INDIA AND THE U.S.: THE BURDENS OF PARTNERSHIP
Sukumar Muralidharan
March 21, 2006
Three days after touching down, U.S. President George Bush left Indian shores, leaving in his wake an aura of general contentment. From deep within his security envelope, Bush had little opportunity to see the seething rage on the Indian street. The constituencies he addressed were the middle and upper strata, anxious to secure a U.S. stamp of approval for India as a partner in global affairs. And for the Indian nuclear establishment and its peers in foreign policy, the agreements forged on the occasion marked the beginning of a new concord. After their unseemly squabbles in the weeks prior, the Bush visit marked a new mutual amity for them, as much as it represented a new beginning between India and the U.S.
India’s Department of Atomic Energy (DAE) had initially resisted the deal that involved a segregation of military and civilian nuclear facilities.
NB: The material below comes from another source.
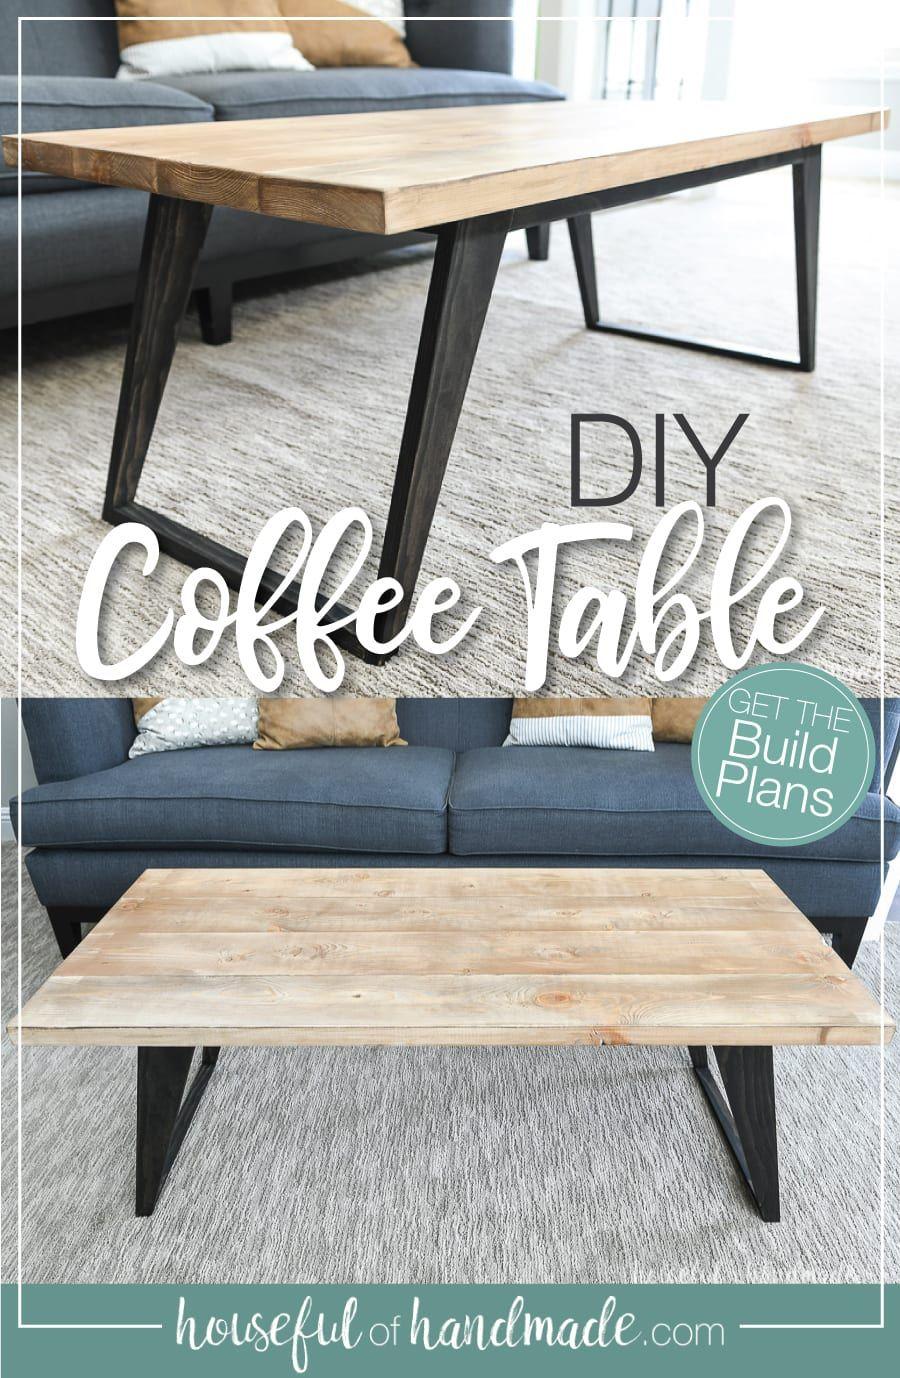 Simple Modern Coffee Table Build Plans In 2020 Wood Coffee Table Diy Diy Coffee Table Coffee Table Plans [ 1378 x 900 Pixel ]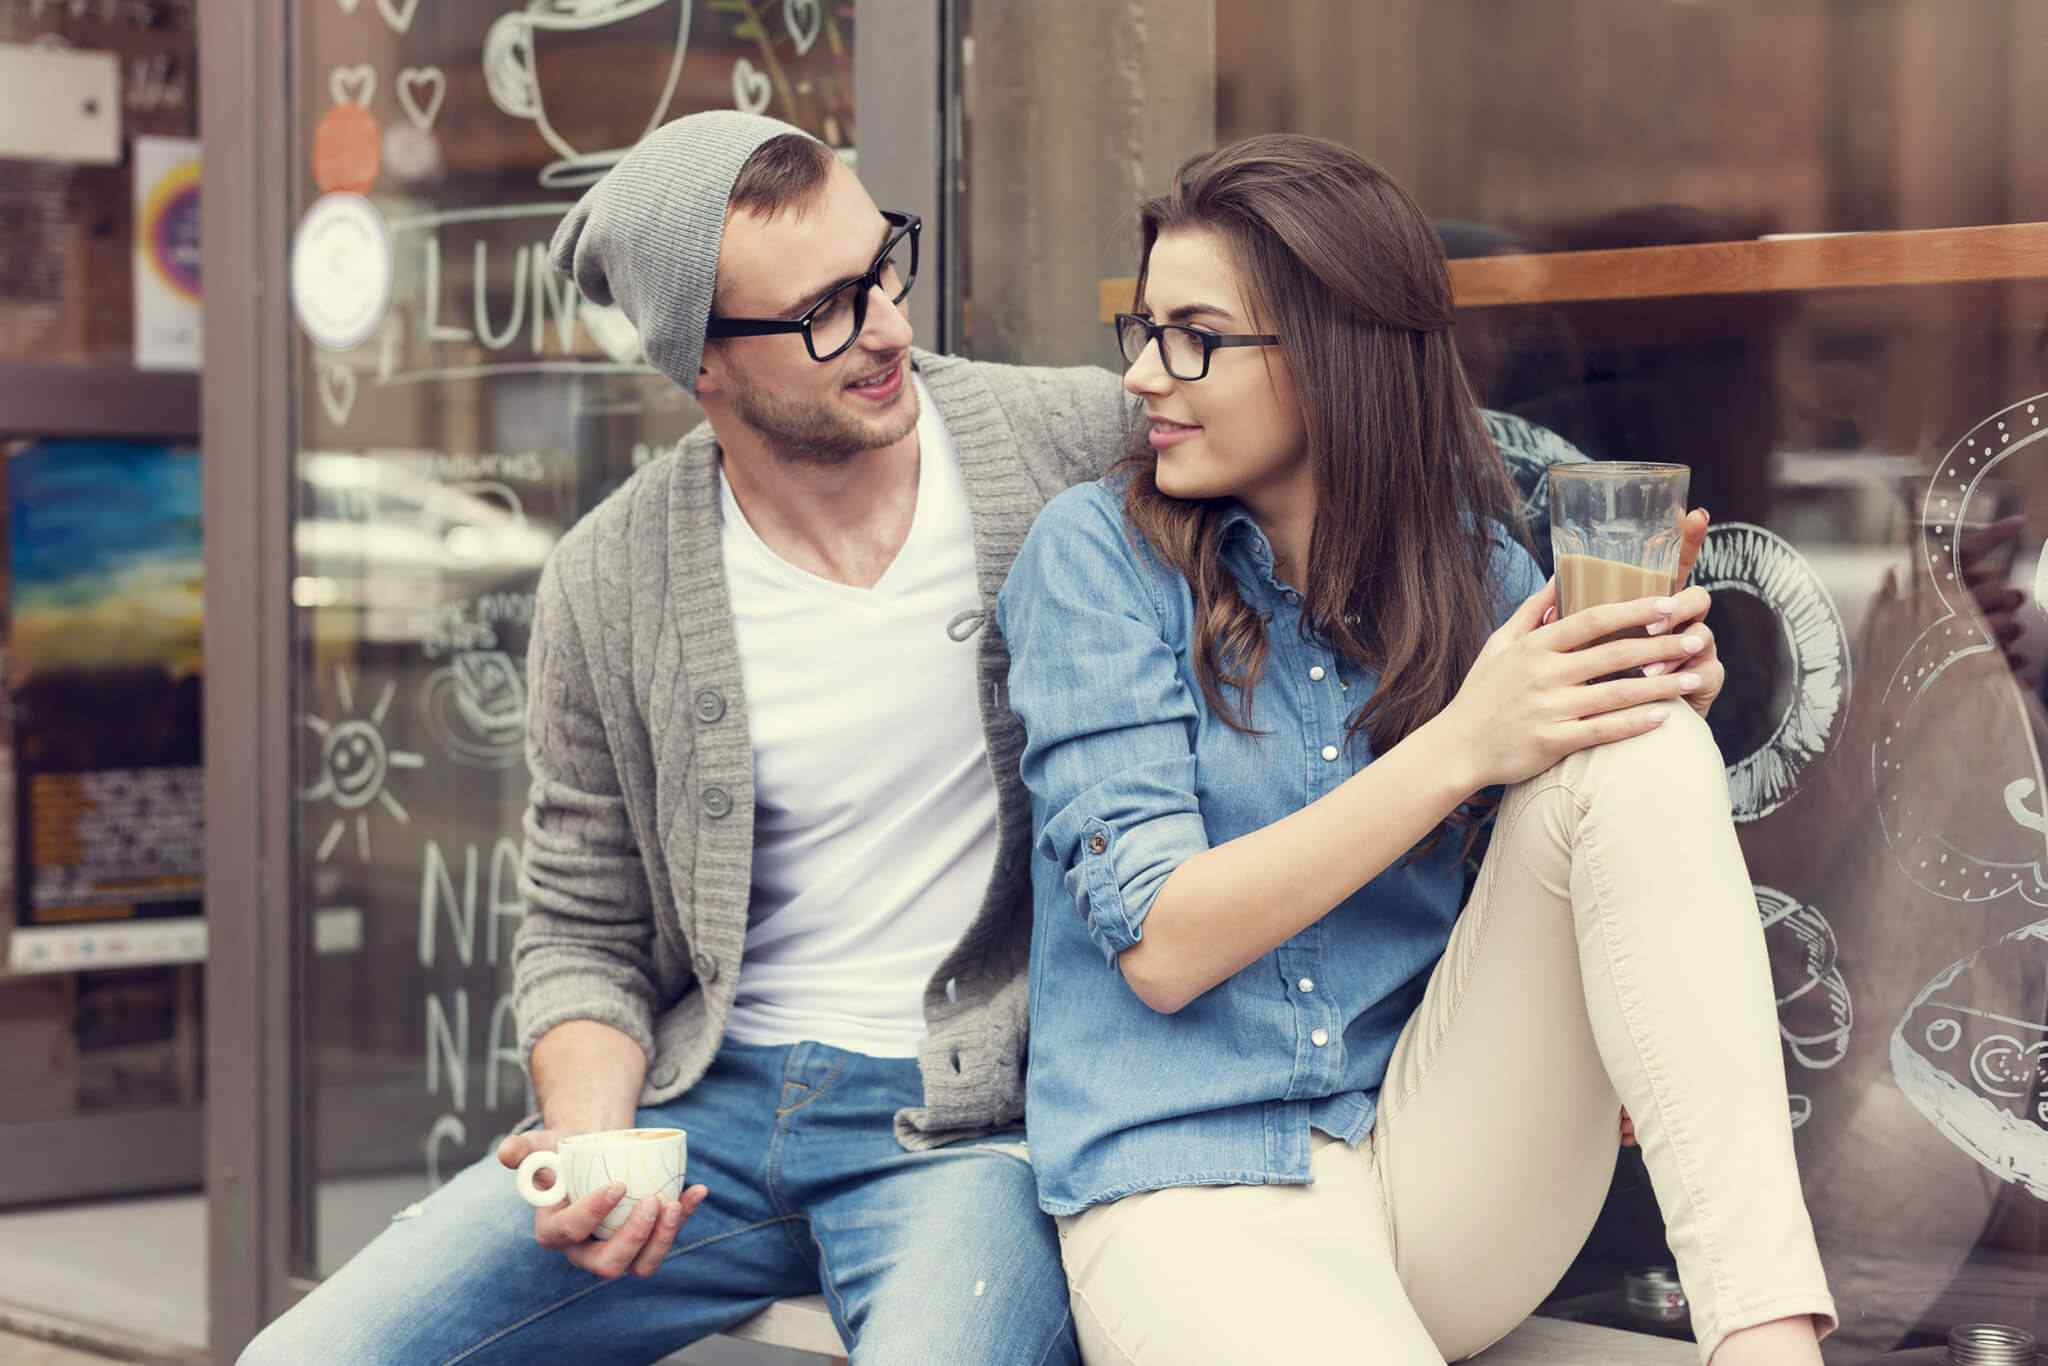 http://gotitasdepoliamor.com/wp-content/uploads/2018/01/img-class-marriage-02.jpg

For foreign policy ideologues though, complete autonomy in nuclear affairs was not too high a sacrifice for winning U.S. benediction in global councils. Above all, autonomy was not to be confused with autarky, since isolation was no virtue when nuclear fission was potentially a valuable energy source for a rapidly industrialising country and international cooperation, the key to opening these limitless vistas.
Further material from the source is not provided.